THE PROBLEM: Word for word, write the lines below out again, with no pictures.

GIVEN DATA:

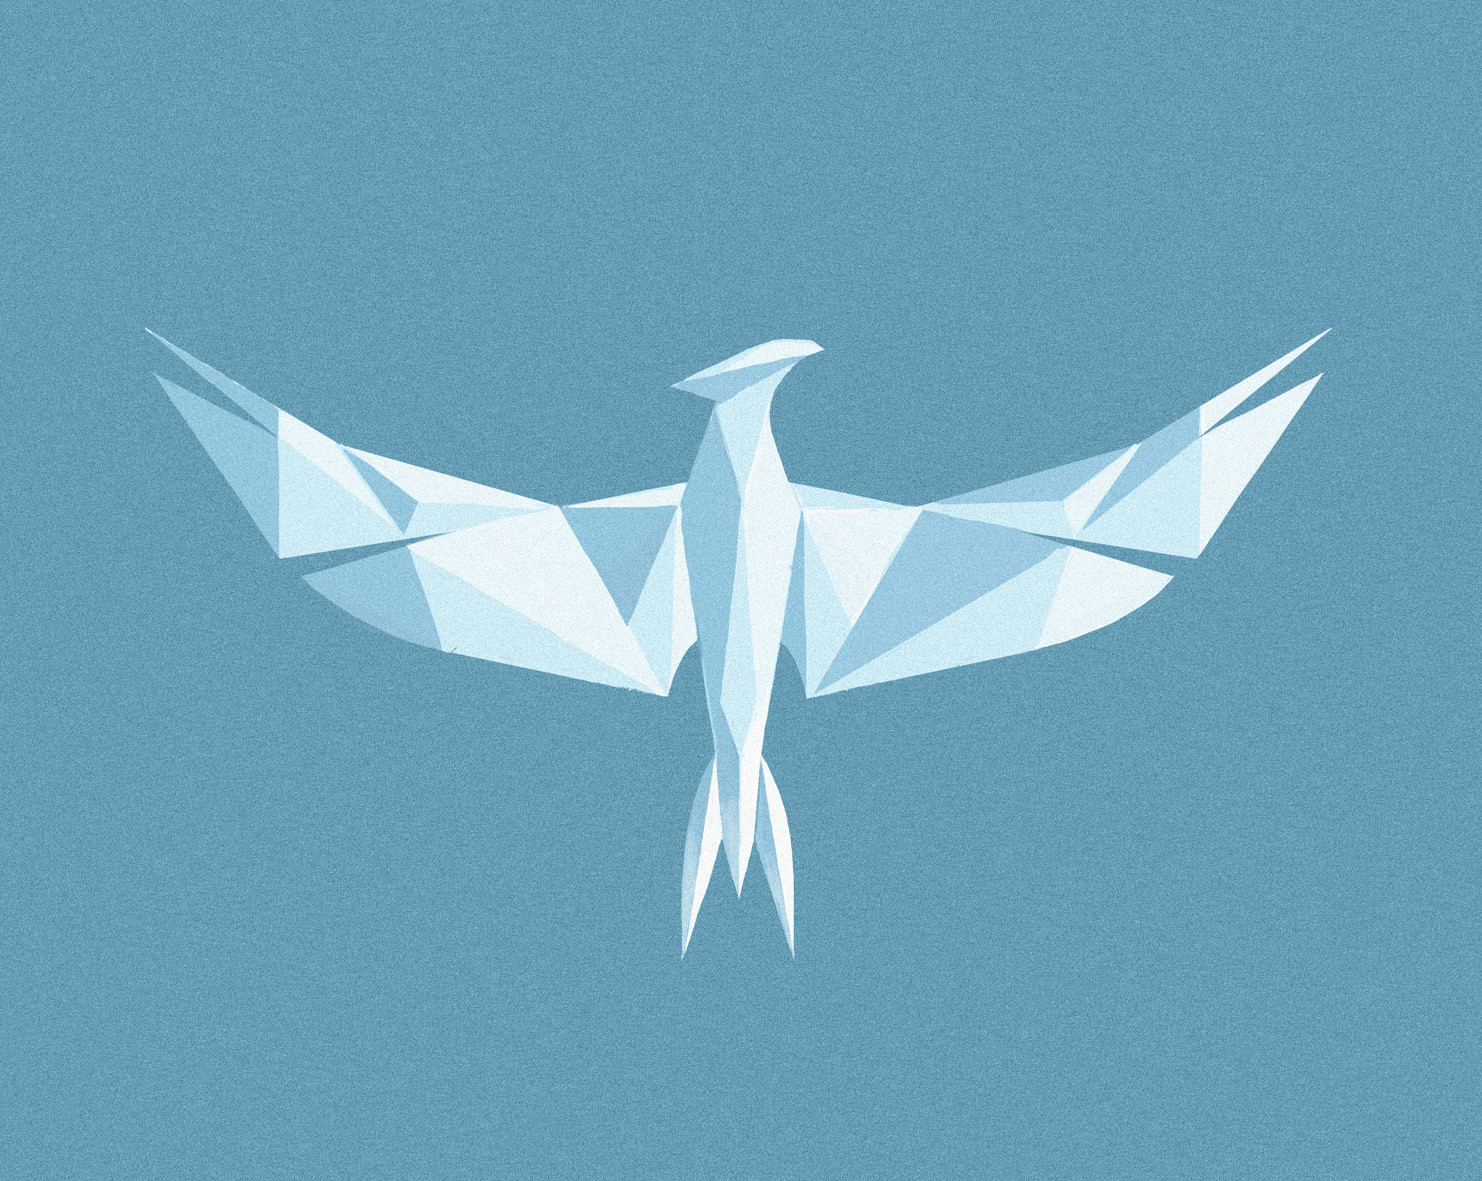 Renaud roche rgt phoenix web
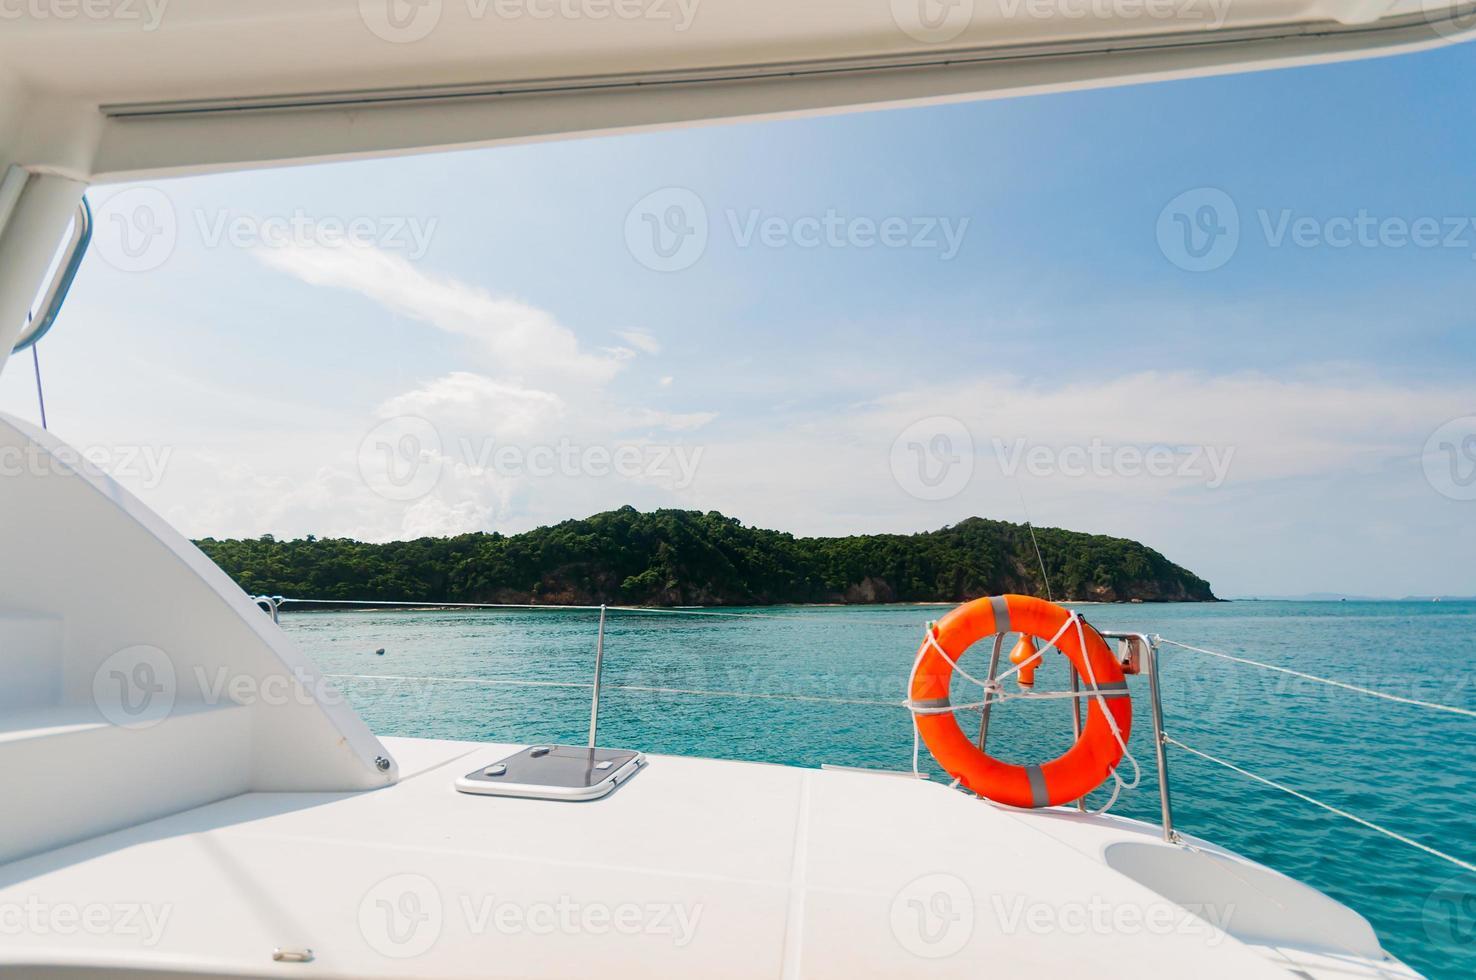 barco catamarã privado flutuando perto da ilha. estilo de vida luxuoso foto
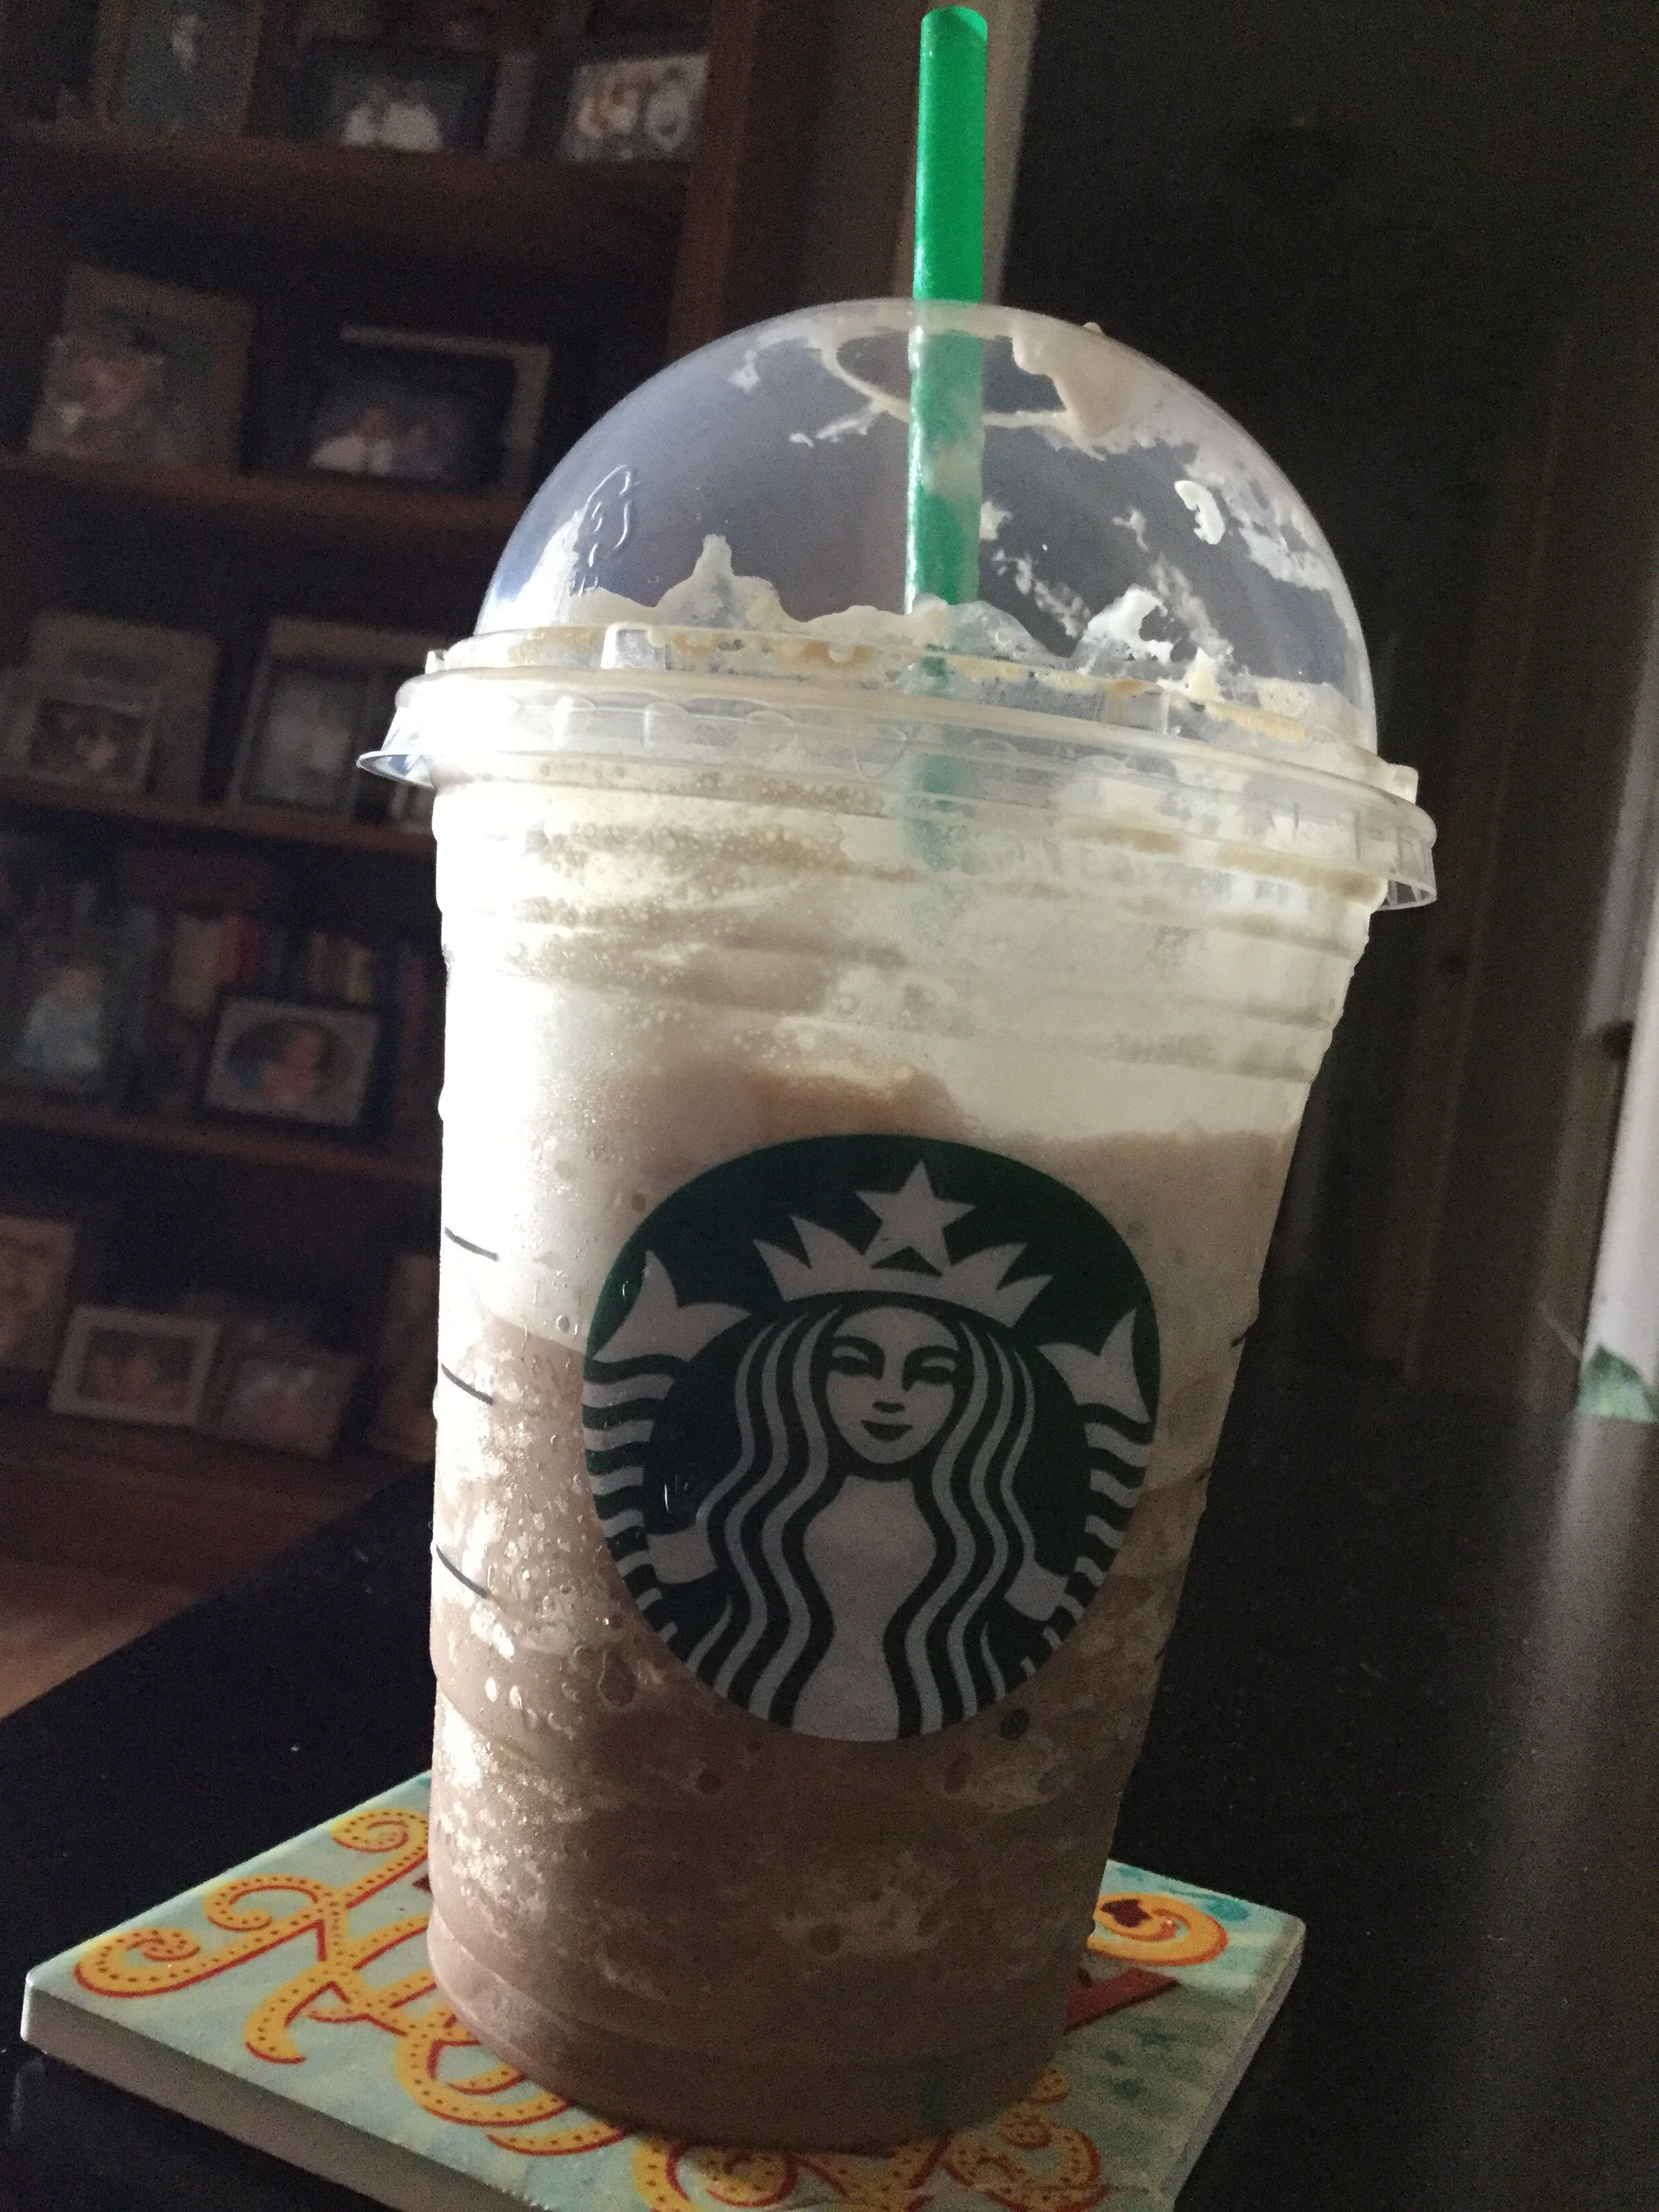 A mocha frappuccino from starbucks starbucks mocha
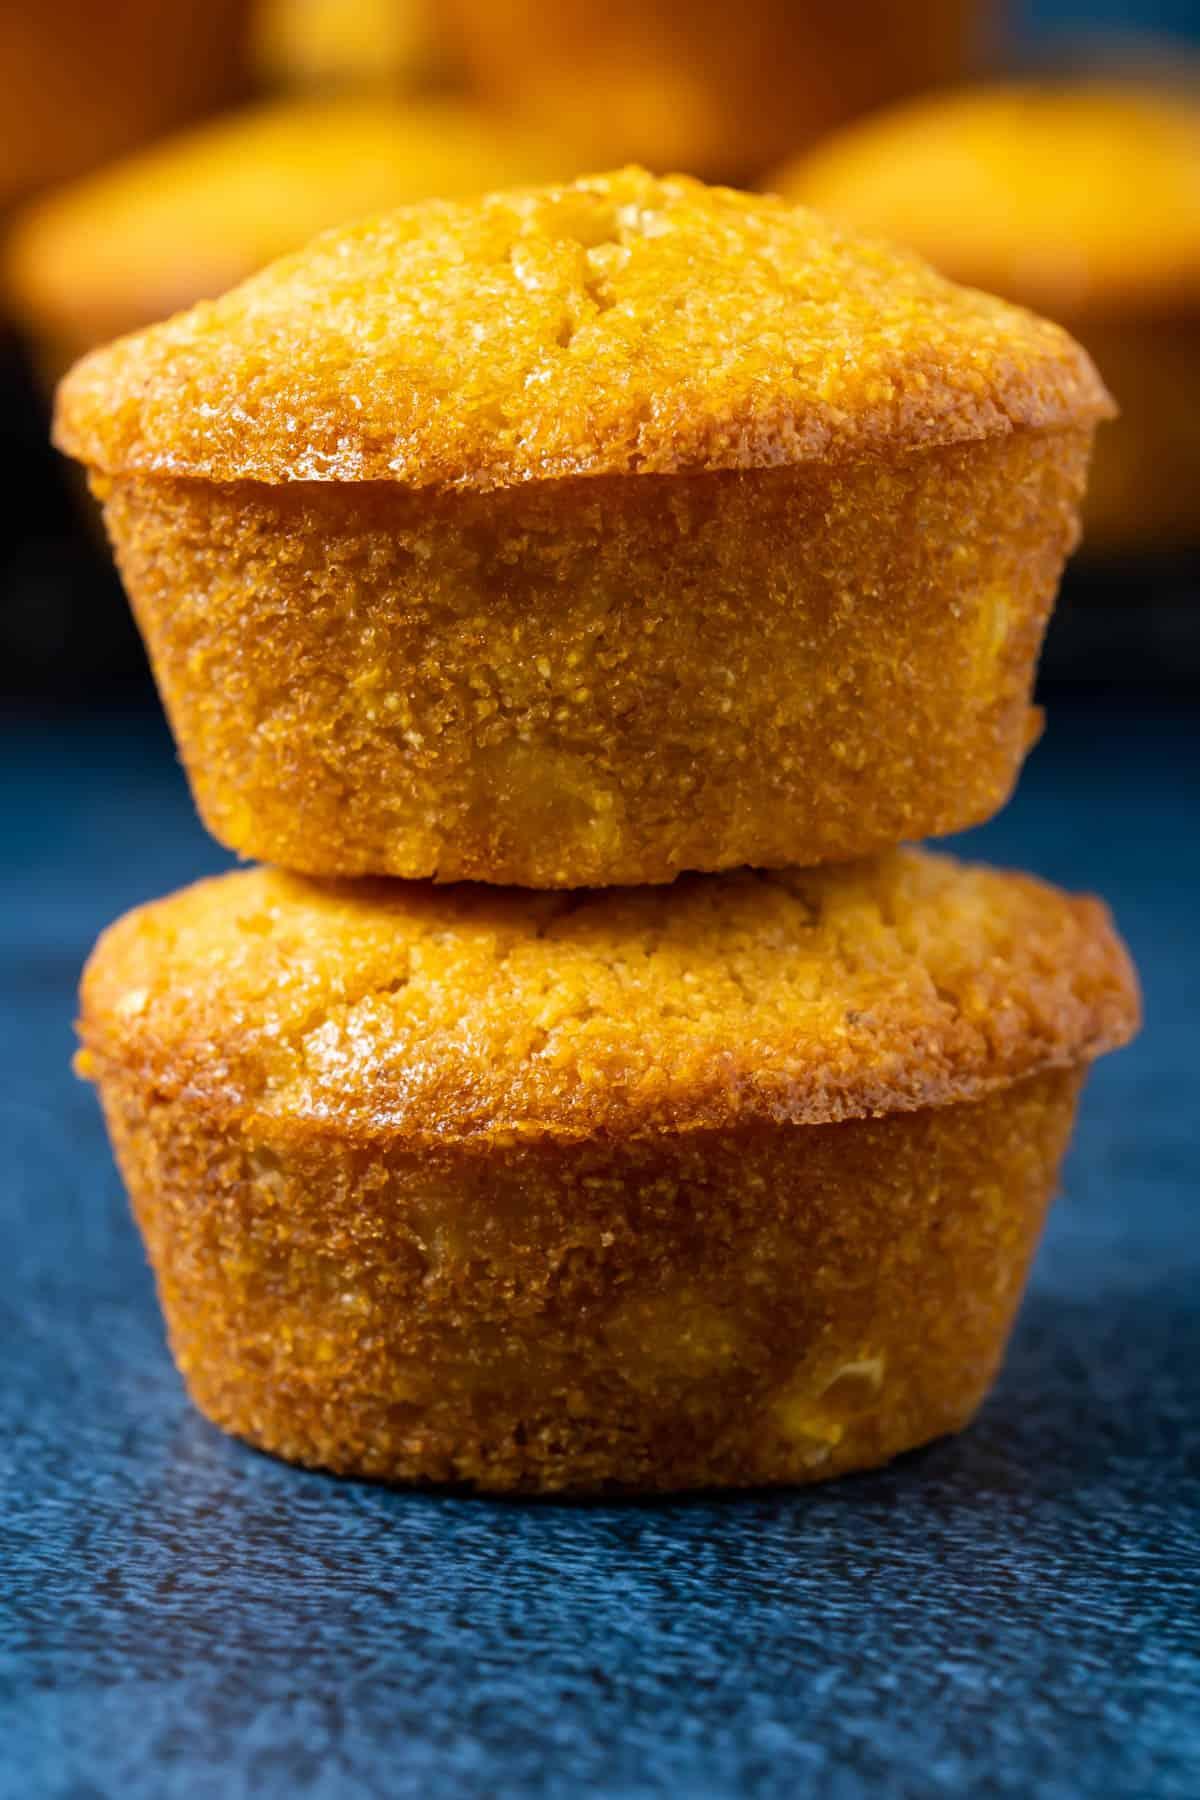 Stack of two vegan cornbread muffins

RESULT BELOW:
 Renaud roche rgt phoenix web
 barco catamarã privado flutuando perto da ilha. estilo de vida luxuoso foto
 A mocha frappuccino from starbucks starbucks mocha
 Stack of two vegan cornbread muffins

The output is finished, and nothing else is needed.